+ 1
Auto Remove all duplicate words from a text file
i have a file names "test.txt" which have alot username, and some usernames are repeated and i don't know which usernames are repeated. i just want to remove similar usernames from that file using python.. can anyone help me please?
9 Antworten
+ 8
You did not specify the structure of the file: does it contain only usernames, each in a new line? Or separated by some other character? Is there any other data that the search should ignore? Is the order of the lines important?
And you did not provide your code attempt. So you can get only generic advice.
There is no support in the filesystem level to simply remove content from the middle of a file and "shift" the rest of the file.
If the file is not too big, you can recreate it in memory, do some modifications, and save with the same name.
As a general idea, using a set data structure can be a good solution to remove duplicates.
+ 6
Not sure if this suits your situation, but I just think that if the names appear as rows in the file, you can read the lines, and put the line into a 'set' which will only keep unique lines. You can join the 'set' contents as new string afterwards, then save it back in the file. Just an idea.
+ 4
Also you wrote that you want to "remove similar usernames".
Similar has a different meaning than "same". You need to be more specific. Checking for similarity is more complicated than checking for equality. Do you consider any difference in uppercase / lowercase as similar?

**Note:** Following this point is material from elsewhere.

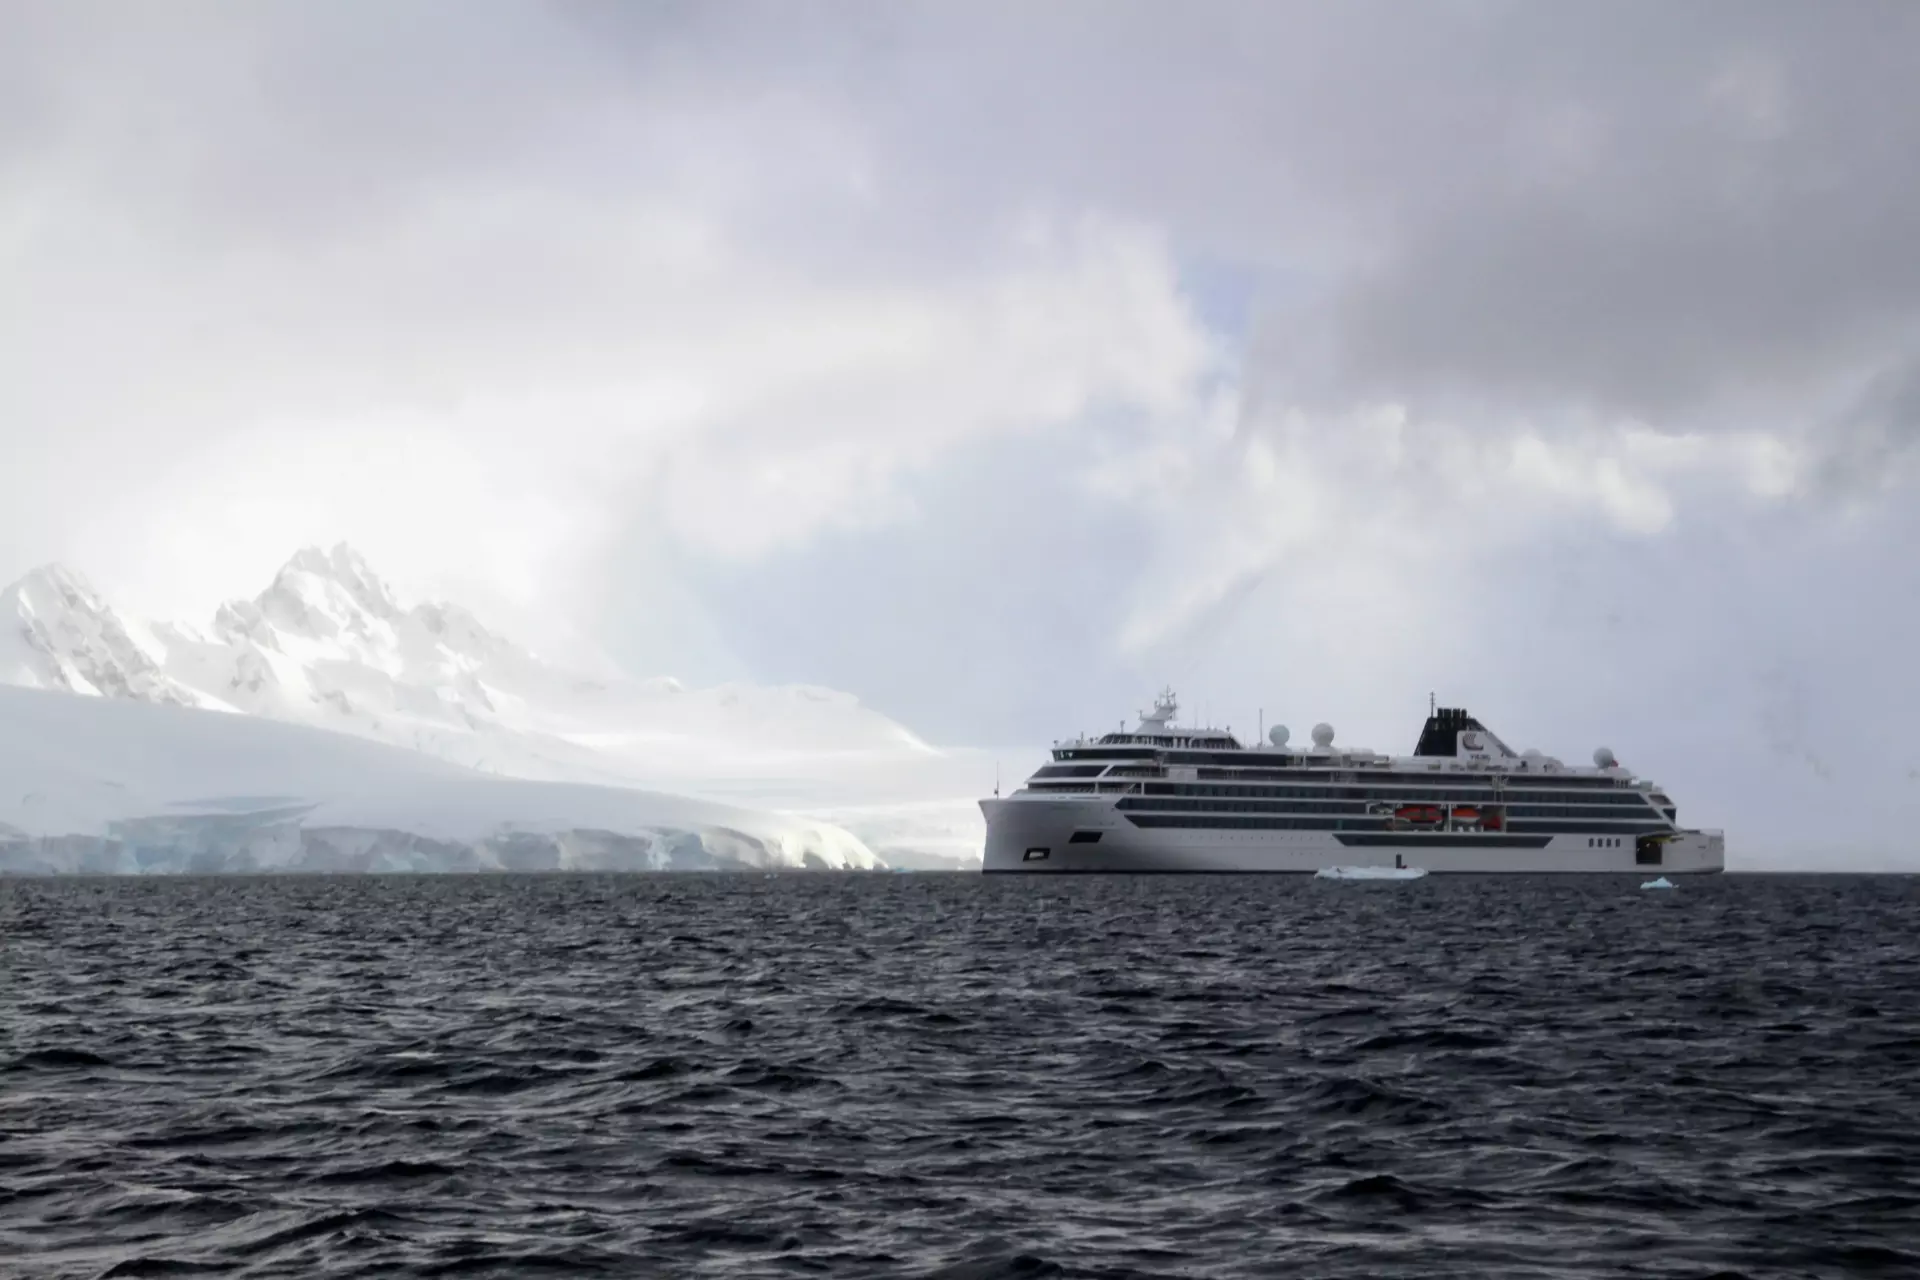 Cruise ship in the Antarctic

What if one character is different?
+ 3
with open('usernames.txt', 'r') as file:
names = file.readlines()
unique_names = set(names)
concat_names = '\n'.join(unique_names)
with open('usernames.txt', 'w') as file:
file.write(concat_names)
# I have not tested this, make sure to create a backup of your file before you try it :)
+ 2
okay tysm Tibor Santa
+ 1
Tibor Santa each name starts on new line, and i just want to remove names which are similar/duplicate,
order of lines is not important just every username should start with new line
+ 1
Tibor Santa all usernames are in lower case format, and if there's a small difference in 2 usernames, search can ignore it
+ 1
"Similar usernames" is too abstract... If you want remove duplicate (and the file is not very large) you can do as suggested else you have to be more precise on "similar" mean
+ 1
Use sort and uniq command from linux
Something like this:
Os.system(“sort fname | uniq >> foo.txt”)